Medikamente gehören in die Apotheke
Dass der Handelsverband, der unter anderem die Interessen der großen Supermarktketten wie Rewe und Spar vertritt, den Schritt von dm "gut nachvollziehen" kann, beunruhigt die Apothekerkammer sehr. "Medikamente gehören in die Apotheke", so Kammerpräsident Max Wellan in einer Aussendung. Er warnt eindringlich vor einer "Ausfransung der Vertriebswege" für rezeptfreie Arzneimittel auf Supermärkte und befürchtet eine Wettbewerbsverzerrung.
Christoph Baumgärtel sieht die Gefahr, dass der leichtere Zugang zu Medikamenten im stationären Handel einen leichtsinnigeren Umgang mit Medikamenten bewirken könnte.

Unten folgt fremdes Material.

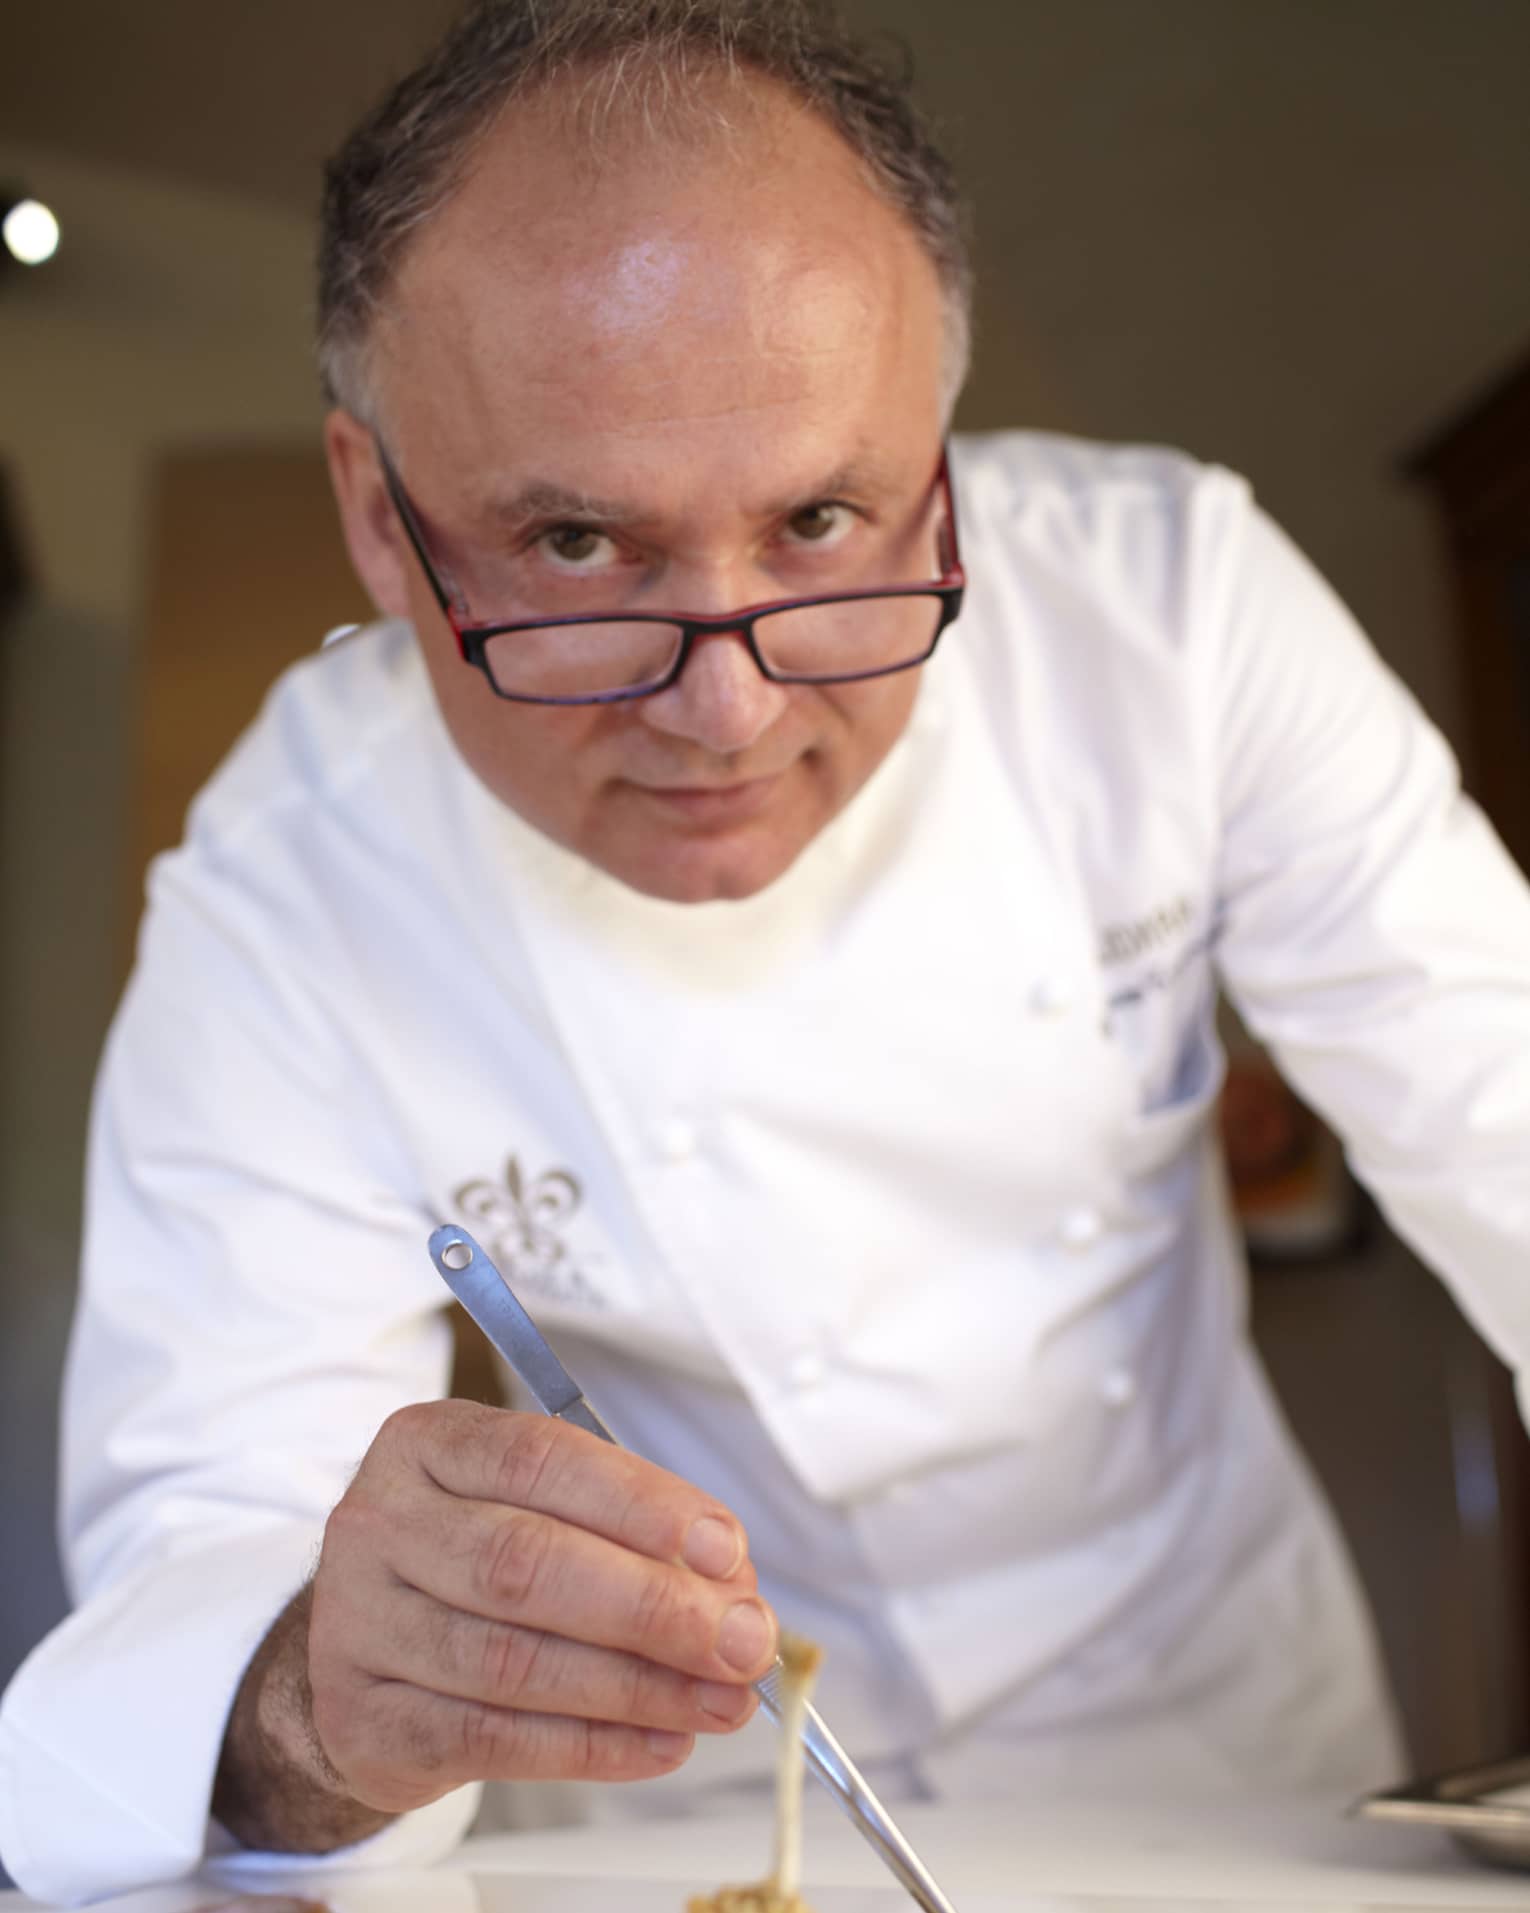 Michlelin-starred Chef Gaetano Trovato

Der Handel mit Arzneimitteln ist in Österreich streng geregelt. Durch den "Apothekenvorbehalt" im Arzneimittelgesetz (AMG) ist die Abgabe von sowohl rezeptpflichtigen als auch rezeptfreien Arzneimitteln in Haushaltsmengen ausschließlich Apotheken vorbehalten. "Die Abgabe von Arzneimitteln in Selbstbedienung oder durch Fernabsatz ist verboten." So steht es wörtlich im Gesetz. Von diesem grundsätzlichen Fernabsatz- beziehungsweise Versandhandels-Verbot besteht aber eine Ausnahme, für die ein Spruch des Obersten Gerichtshofs (OGH) verantwortlich ist. Am 27. März 2012 urteilte der OGH in Bindung an die Rechtsprechung des EuGH, dass der Versandhandel mit rezeptfreien Arzneimitteln in Österreich für Apotheken mit Sitz in einem EWR-Staat zulässig ist. Das hierzulande geltende absolute Arzneimittelversandverbot verstoße gegen das Gemeinschaftsrecht, begründeten die Höchstrichter ihre Entscheidung.
Hohe Qualitätsvorgaben
Der Gesetzgeber reagierte auf die Situation der österreichischen Apotheken und gewährte auch ihnen durch eine Novelle des AMG den Zutritt zum Internethandel. Seit 25. Juni 2015 dürfen auch heimische Apotheken in Österreich zugelassene oder registrierte rezeptfreie (Human-)Arzneimittel online verkaufen. Um die Konsumenten vor gefälschten Medikamenten zu schützen, gelten hohe Qualitätsvorgaben, zum Beispiel zur Einhaltung der Kühlkette. Der Verkauf darf ausschließlich über Apotheken erfolgen, die sich zuvor beim Bundesamt für Sicherheit im Gesundheitswesen (BASG) registriert haben. Ein EU-weit gemeinsames grün-weißes Sicherheitslogo für Versandapotheken zum Anklicken gibt den Konsumenten Sicherheit.
Arzneimittelhandel
Wer im Ausland Medikamente bestellt, die in Österreich rezeptpflichtig sind, macht sich strafbar - egal, in welchem Land die betreffende Versandapotheke ihren Firmensitz hat.